Ella había visto furia en sus ojos y la había confundido con dolor, pensó Giancarlo. Y el roce de sus manos hacía que su piel se encogiera de asco.

No, eso no era cierto. Su piel disfrutaba del roce de aquella mano. Y su corazón empezaba a latir con más fuerza al tenerla tan cerca. La idea de volver a su plan original perdió fuerza; había mucho más que ganar saciándose una y otra vez de aquella mujer antes de echarla a la calle, donde debía estar.

Aunque la idea de echarla a la calle empezaba a transformarse en la imagen de una cama con sábanas arrugadas. Podía verla tumbada en ella, desnuda, invitándolo a tomar de ella lo que quisiera.

Una forma de venganza mucho más satisfactoria, decidió, aunque sabía que estaba dejándose llevar por la debilidad de su carne y no por el incisivo intelecto por el que era famoso.

Pero eso no lo detuvo. Giancarlo alargó la mano y rozó sus labios con la punta del dedo.

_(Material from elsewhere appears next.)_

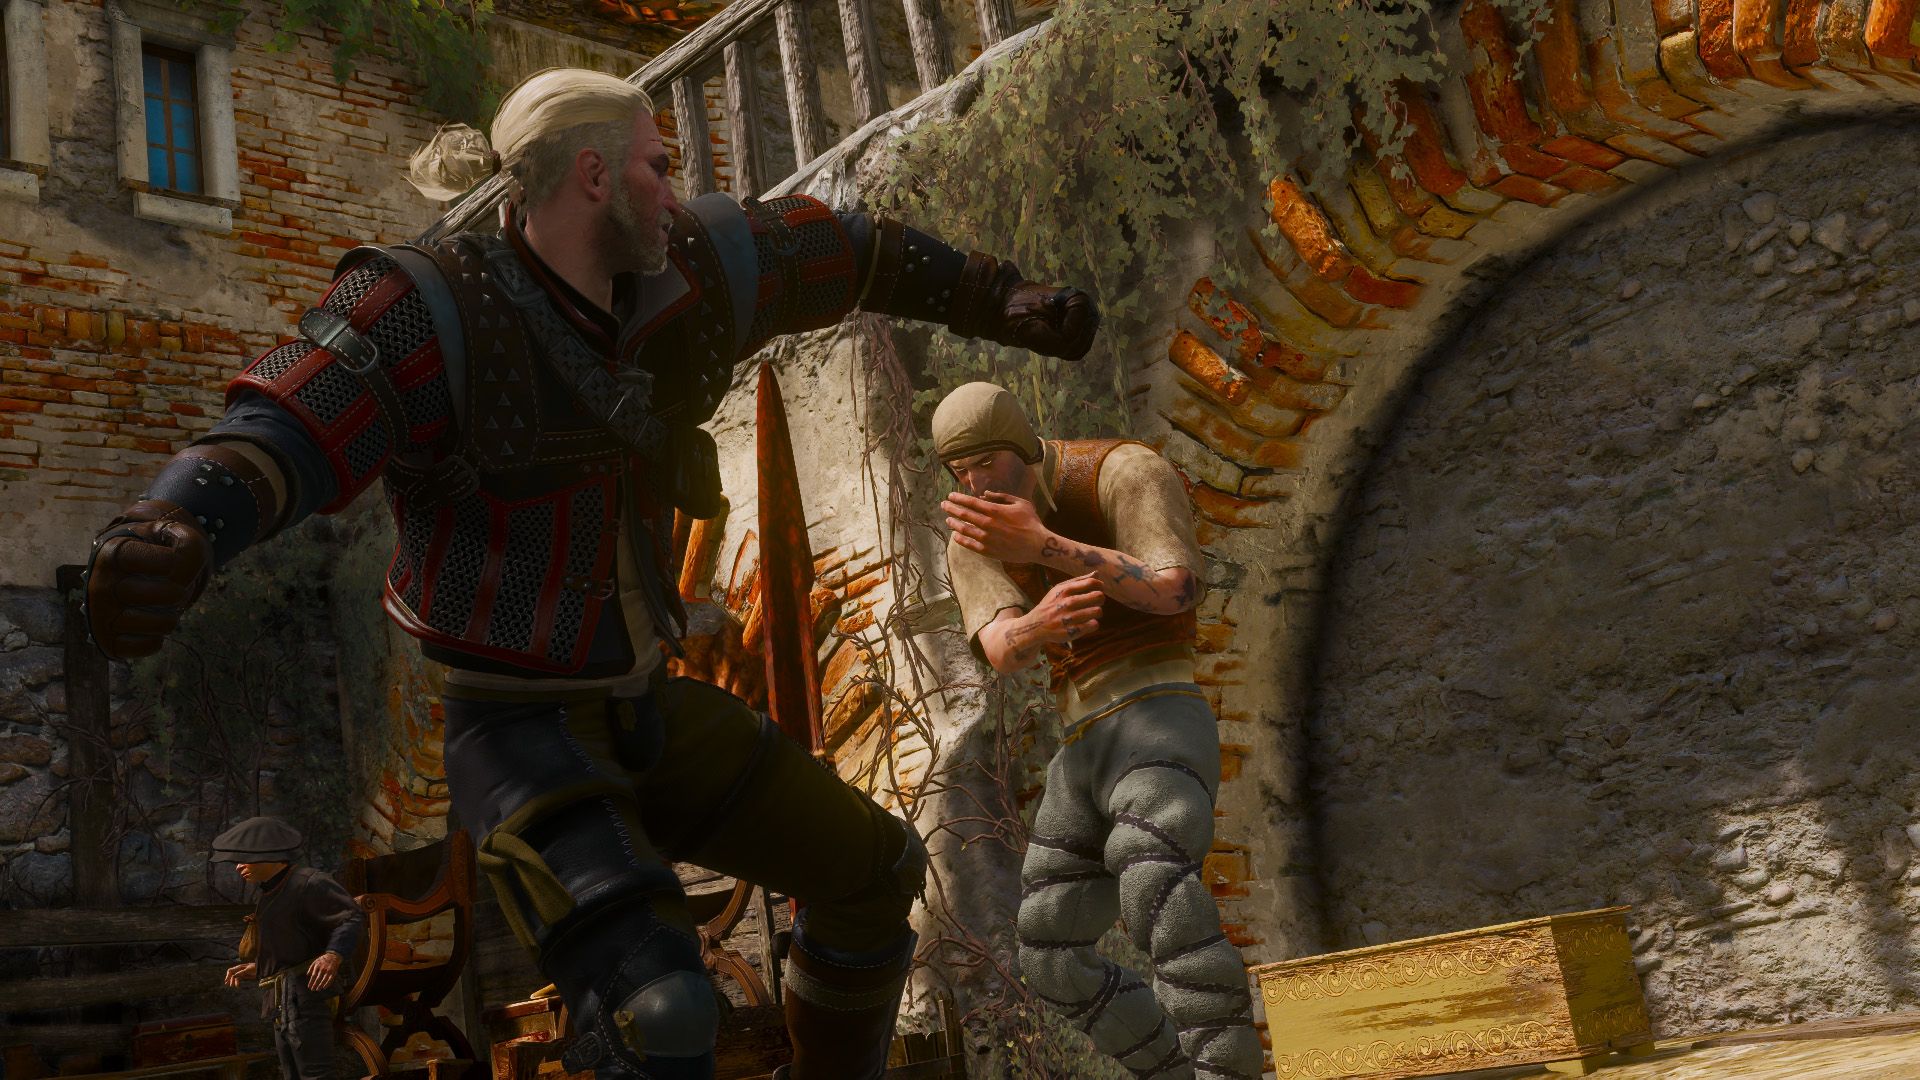 Geralt swings his arm back, ready to punch the man in the face.
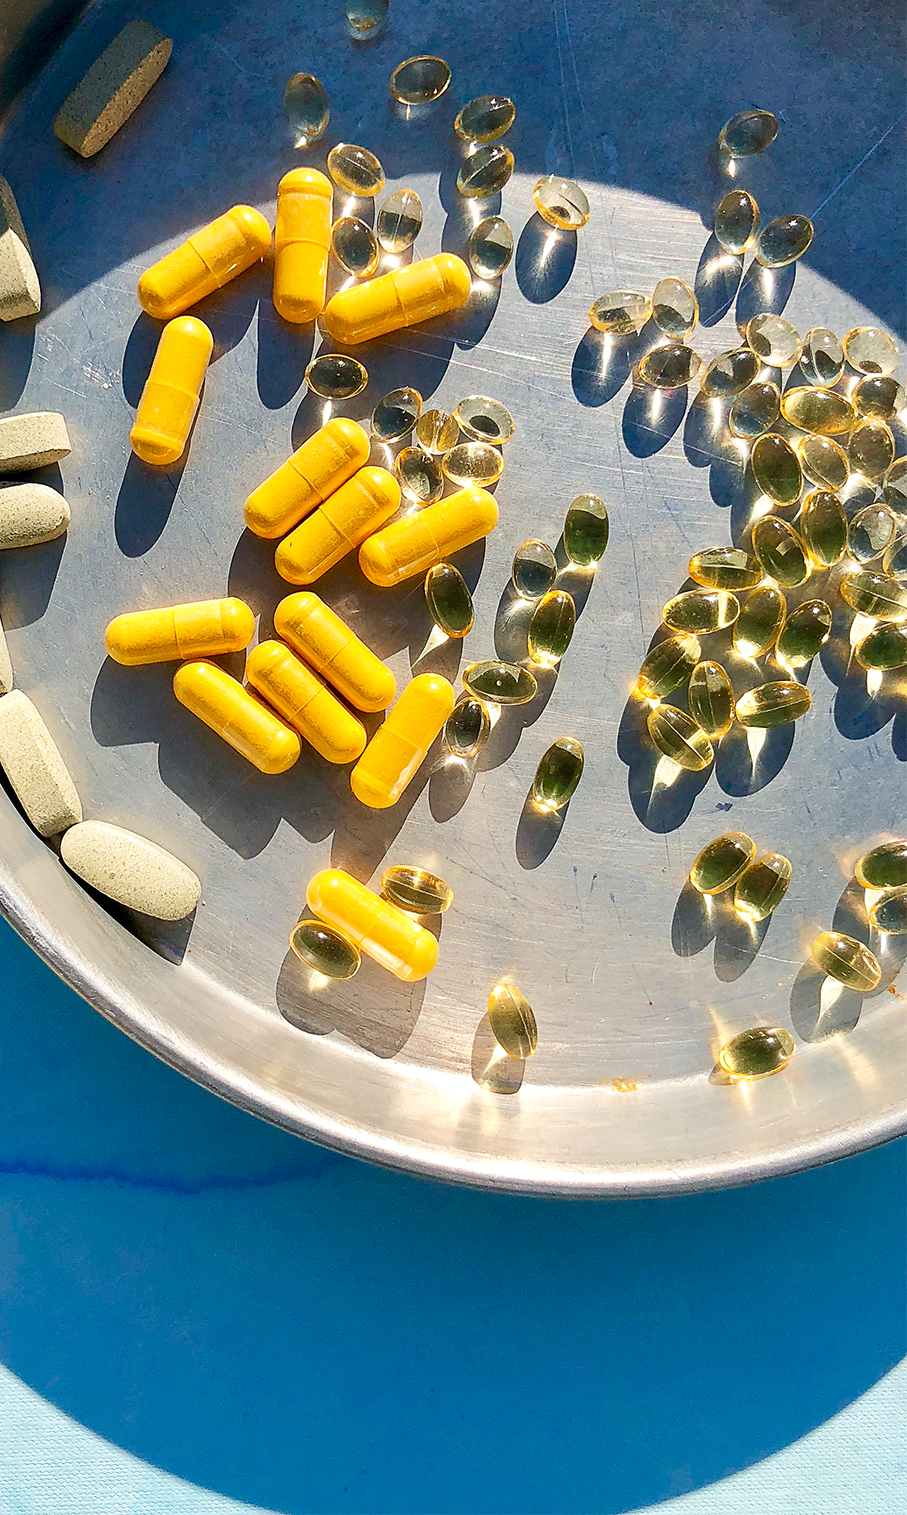 Plate filled with folic acid supplements

—Gracias por su comprensión.

Los labios femeninos temblaron bajo su roce. Los ojos azules se oscurecieron y él no pudo evitar inclinarse hacia su boca.

Natalia dio un paso atrás, chocándose con la silla en la que había estado sentada en su prisa por poner distancia entre ellos.

Giancarlo la observó sin decir nada. El silencio era oro en aquel momento y solo un tonto podría ignorar las señales que ella enviaba sin querer.

Después de poner cierta distancia, Natalia recuperó la compostura y lo miró valientemente a los ojos.

—¿Cuándo volverá Edward?

Giancarlo casi sonrió al escuchar su vocecita, pero consiguió mantenerse serio.

—Dentro de seis semanas —contestó, observando su reacción.

Natalia Deyton veía seis semanas de infierno por delante, estaba seguro. Pero él solo tardaría una semana en hacerla suya. Una semana, pensó, sin hacer ningún esfuerzo para disimular la excitación que ella le provocaba. Los ojos nublados, la expresión intensa, la sonrisa cínica en los labios… el mensaje que enviaba era tan claro que Natalia se puso colorada.

—Edward me aseguró que tendría absoluta cooperación por su parte —siguió Giancarlo, usando su particular encanto siciliano—. Y yo creo que vamos a llevarnos muy bien, ¿verdad?

—Claro. ¿Hay… hay algo que pueda hacer por usted? —preguntó Natalia, intentado portarse de una forma profesional, pero mirando hacia la puerta como si estuviera a punto de salir corriendo.

—Un café estaría bien. Solo y, si es posible, expresso —sonrió Giancarlo—. Además, necesito información sobre los mejores clientes de Edward. Especialmente, esos a los que estaba usted cautivando durante el almuerzo.

—La empresa Taylor-Gant —dijo ella, preguntándose por qué habría usado el término «cautivar»—. Llevamos el marketing de su empresa.

—¿A qué se dedica la empresa?

—Ropa interior —contestó Natalia, abriendo la puerta.

—¿La lleva usted?

Giancarlo comprobó que se ponía rígida, seguramente ofendida por el comentario.

—No.

—Pues cómprela. Para vender un producto, lo mejor es saber qué es lo que uno está vendiendo.

—Ese no es mi trabajo —replicó Natalia.

—Ahora sí. Para el fin de semana, espero que me haga un informe completo sobre la lencería de Taylor-Gant. Y esa es, señorita Deyton, la clase de información que debe aportar la ayudante personal del director de una empresa de marketing.

La puerta se cerró, dejando a Giancarlo con una sonrisa en los labios.